(Source data)
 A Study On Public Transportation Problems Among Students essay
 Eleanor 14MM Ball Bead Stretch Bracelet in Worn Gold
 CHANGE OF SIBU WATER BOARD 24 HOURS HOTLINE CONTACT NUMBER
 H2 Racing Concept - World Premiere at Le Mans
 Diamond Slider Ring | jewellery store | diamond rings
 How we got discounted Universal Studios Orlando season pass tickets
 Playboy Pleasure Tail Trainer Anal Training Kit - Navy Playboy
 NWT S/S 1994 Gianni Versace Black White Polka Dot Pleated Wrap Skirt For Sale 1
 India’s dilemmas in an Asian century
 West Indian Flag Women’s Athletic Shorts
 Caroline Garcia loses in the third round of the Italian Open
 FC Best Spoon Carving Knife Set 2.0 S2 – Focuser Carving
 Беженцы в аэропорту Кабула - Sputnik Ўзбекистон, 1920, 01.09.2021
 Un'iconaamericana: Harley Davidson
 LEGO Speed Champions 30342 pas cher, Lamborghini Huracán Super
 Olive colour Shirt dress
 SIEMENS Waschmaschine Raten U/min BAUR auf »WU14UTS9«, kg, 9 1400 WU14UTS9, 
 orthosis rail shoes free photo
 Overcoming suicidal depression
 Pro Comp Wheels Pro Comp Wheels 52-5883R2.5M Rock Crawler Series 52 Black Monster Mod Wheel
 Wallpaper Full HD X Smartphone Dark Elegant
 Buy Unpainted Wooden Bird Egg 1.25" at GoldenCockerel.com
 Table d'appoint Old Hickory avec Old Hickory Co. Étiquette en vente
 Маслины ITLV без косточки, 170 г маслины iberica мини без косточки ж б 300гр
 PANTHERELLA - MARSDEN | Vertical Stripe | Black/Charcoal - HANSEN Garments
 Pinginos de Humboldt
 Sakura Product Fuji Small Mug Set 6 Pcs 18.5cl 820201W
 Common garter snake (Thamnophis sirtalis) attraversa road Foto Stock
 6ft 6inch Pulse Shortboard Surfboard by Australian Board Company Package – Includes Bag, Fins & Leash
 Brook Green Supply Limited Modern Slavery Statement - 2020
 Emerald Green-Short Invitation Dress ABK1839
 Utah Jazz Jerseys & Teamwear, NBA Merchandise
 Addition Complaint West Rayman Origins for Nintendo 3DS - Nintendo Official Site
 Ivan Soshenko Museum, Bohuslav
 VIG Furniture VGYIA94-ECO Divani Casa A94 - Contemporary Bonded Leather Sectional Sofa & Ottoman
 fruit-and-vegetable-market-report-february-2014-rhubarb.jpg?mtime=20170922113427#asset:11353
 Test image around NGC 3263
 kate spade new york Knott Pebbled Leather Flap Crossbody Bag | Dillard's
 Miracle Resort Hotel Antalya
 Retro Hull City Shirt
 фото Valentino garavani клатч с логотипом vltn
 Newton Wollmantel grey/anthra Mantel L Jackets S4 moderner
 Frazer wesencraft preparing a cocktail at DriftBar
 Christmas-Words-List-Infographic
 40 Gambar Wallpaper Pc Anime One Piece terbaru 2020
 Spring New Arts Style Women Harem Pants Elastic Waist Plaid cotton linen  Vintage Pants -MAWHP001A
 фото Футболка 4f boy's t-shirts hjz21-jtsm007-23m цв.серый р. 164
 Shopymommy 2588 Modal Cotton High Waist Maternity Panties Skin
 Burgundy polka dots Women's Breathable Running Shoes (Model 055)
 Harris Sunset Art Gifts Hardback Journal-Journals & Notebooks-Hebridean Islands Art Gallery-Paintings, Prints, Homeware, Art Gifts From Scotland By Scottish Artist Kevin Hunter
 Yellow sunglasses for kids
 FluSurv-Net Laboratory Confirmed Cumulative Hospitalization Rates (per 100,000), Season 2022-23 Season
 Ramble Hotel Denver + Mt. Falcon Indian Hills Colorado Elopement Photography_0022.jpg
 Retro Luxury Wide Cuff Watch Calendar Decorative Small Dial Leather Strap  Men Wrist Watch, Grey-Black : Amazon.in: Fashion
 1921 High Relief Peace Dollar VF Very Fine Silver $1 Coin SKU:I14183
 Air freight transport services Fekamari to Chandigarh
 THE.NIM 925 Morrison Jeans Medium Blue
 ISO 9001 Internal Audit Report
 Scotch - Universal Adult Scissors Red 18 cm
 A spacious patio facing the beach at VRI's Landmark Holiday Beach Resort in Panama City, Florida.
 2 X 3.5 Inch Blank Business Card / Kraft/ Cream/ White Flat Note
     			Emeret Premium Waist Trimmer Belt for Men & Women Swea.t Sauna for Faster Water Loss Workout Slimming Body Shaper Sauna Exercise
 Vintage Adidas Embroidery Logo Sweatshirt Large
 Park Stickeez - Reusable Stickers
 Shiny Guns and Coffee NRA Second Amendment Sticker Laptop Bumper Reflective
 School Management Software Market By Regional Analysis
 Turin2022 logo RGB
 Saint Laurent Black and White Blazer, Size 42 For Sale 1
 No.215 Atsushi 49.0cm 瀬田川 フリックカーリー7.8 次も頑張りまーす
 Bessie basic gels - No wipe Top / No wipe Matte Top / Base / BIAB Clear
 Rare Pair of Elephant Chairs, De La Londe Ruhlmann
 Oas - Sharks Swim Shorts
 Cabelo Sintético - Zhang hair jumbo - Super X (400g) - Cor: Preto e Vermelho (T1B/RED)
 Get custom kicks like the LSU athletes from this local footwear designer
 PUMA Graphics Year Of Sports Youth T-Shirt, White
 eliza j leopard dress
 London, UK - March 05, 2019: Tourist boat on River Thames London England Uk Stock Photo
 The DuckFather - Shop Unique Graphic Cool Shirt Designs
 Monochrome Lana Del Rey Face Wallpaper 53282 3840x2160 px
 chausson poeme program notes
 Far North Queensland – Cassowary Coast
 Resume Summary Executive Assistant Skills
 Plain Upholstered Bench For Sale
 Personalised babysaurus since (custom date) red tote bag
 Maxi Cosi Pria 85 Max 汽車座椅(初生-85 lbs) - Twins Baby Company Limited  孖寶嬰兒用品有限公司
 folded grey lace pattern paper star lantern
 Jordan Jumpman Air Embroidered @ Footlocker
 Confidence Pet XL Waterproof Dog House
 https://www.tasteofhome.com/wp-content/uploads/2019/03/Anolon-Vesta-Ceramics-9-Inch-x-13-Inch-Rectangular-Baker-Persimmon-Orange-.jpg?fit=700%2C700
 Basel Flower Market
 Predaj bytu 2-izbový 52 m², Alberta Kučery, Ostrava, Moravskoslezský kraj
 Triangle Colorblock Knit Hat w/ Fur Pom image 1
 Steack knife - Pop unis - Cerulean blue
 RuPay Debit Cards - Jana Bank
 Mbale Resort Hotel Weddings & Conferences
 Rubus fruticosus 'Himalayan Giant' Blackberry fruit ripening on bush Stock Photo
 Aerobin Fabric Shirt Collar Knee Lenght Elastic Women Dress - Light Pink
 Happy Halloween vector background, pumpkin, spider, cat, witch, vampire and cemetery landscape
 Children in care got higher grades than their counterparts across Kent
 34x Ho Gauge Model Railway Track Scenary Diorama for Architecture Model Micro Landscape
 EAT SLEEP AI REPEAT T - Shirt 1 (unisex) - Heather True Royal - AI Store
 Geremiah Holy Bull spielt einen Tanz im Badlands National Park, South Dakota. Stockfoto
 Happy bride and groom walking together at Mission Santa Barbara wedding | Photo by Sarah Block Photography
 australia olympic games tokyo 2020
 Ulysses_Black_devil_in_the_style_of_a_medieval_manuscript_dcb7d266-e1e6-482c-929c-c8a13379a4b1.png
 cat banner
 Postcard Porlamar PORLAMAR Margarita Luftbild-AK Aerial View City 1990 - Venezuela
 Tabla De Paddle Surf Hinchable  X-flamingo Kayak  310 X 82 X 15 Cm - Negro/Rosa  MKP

Task goal:
Write out each line above that contains the word "Super".

Answer to this problem:
 LEGO Speed Champions 30342 pas cher, Lamborghini Huracán Super
 Cabelo Sintético - Zhang hair jumbo - Super X (400g) - Cor: Preto e Vermelho (T1B/RED)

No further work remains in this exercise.